Who is Plethon (Georgios Gemistos)?

Who is Plethon (Georgios Gemistos)?

June 26, 2021 Off By Felso

Georgius Gemistos (or Plethon, Pletho) lived between 1355-1452, was born in Istanbul in 1355 and died in 1450. Byzantine neoplatonist Greek philosopher.

In the face of the influence of Christianity, he tried to revive a Neoplatonist ancient Greek wisdom and wanted to reconcile Christianity and Islam. He died shortly before the conquest of Istanbul. Cosimo von Medici was influenced by this philosopher and founded the Platonic Academy in Florence.

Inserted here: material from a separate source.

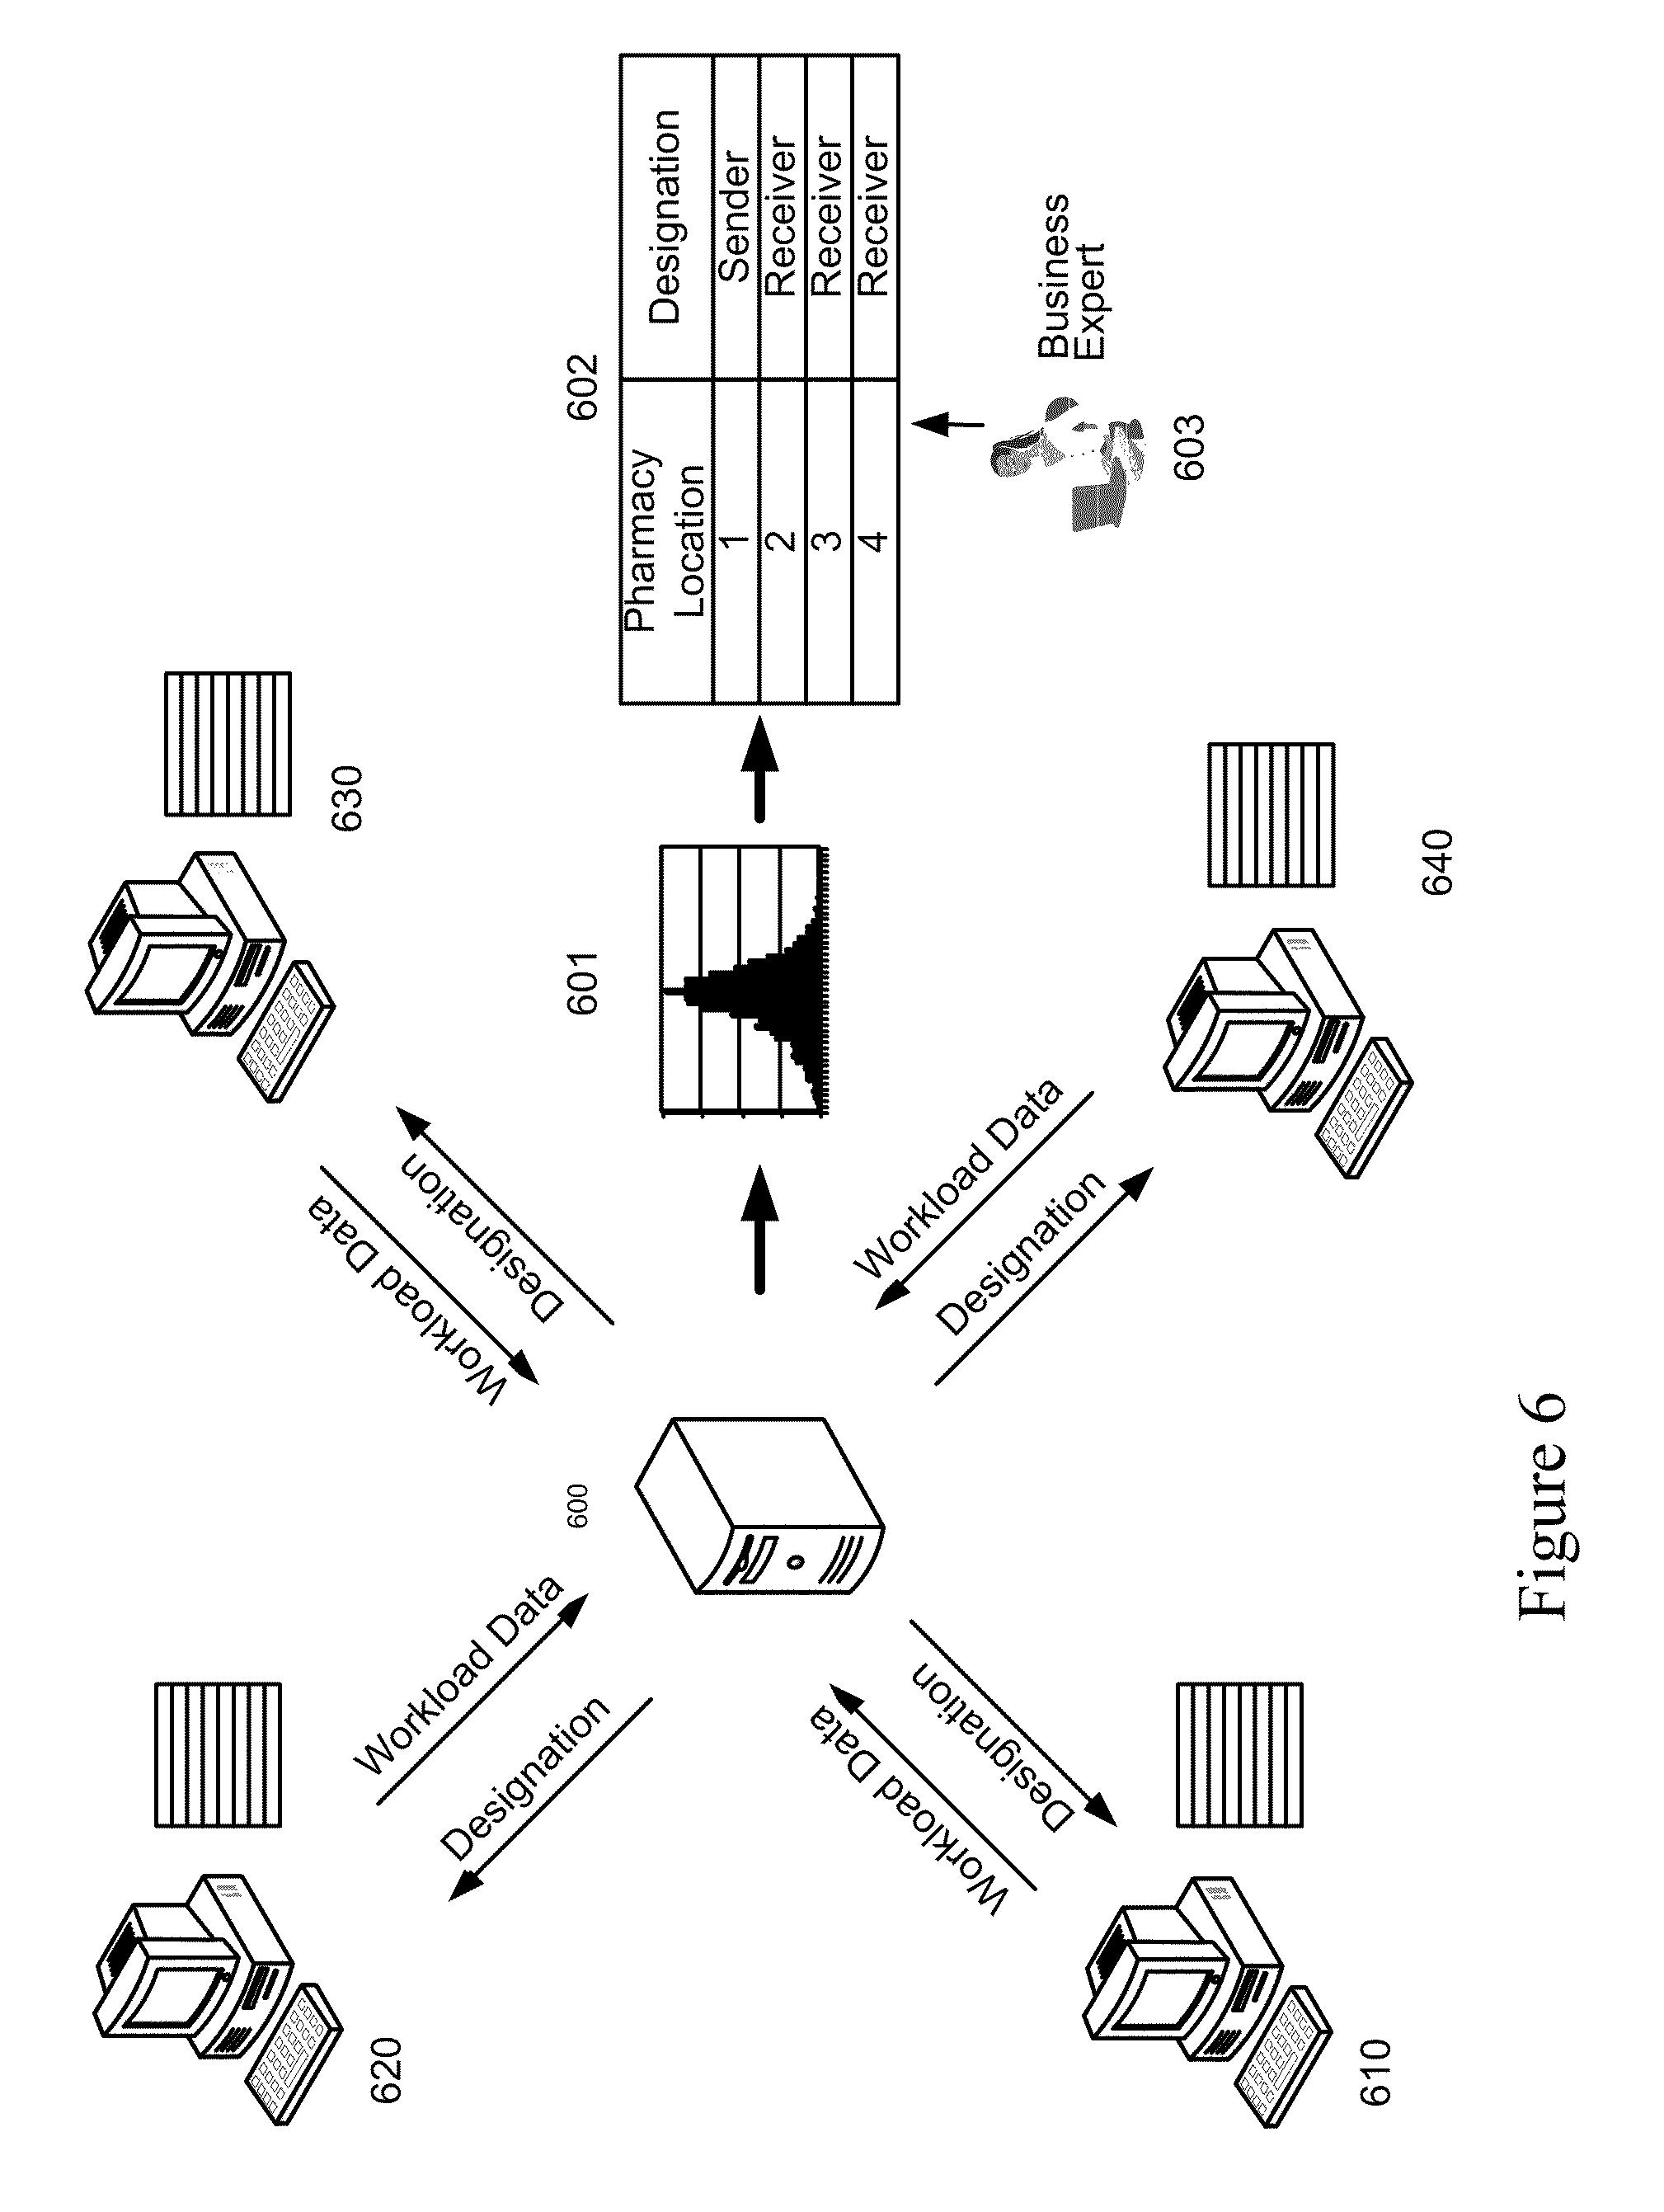 Goodall 11 610 Wiring Diagram Caterpillar D8k For Parts Diagrams Engine Schematic Start

Byzantine philosopher. He is one of the pioneers of Plato’s Academy in Italy. He tried to develop a system that was a mixture of Plato’s philosophy and Eastern religions.

It is thought that he was born in Istanbul and died in Mistra. He is also called Plethon because of his devotion to Plato.

Gemistos was first educated at the Ottoman palace near Edirne. He then studied the Eastern art of magic and Zoroastrian teaching. In 1438, during the time of Pope Eugenius IV, he participated in the council convened in Florence to end the conflict between the Eastern and Western churches. Interested in the development of Neoplatonism rather than in questions of religion, he presented here a paper on the differences between Aristotle and Plato to Florentine humanists.

Although Gemistos approved the council’s document on the union of the two churches, he brought a critique on trinitarian theology. He suggested that the way in which Greek Orthodoxy explained the Spirit’s relationship to God corresponded with the Latin teaching, which described the Spirit’s dual relationship to the Father and the Son.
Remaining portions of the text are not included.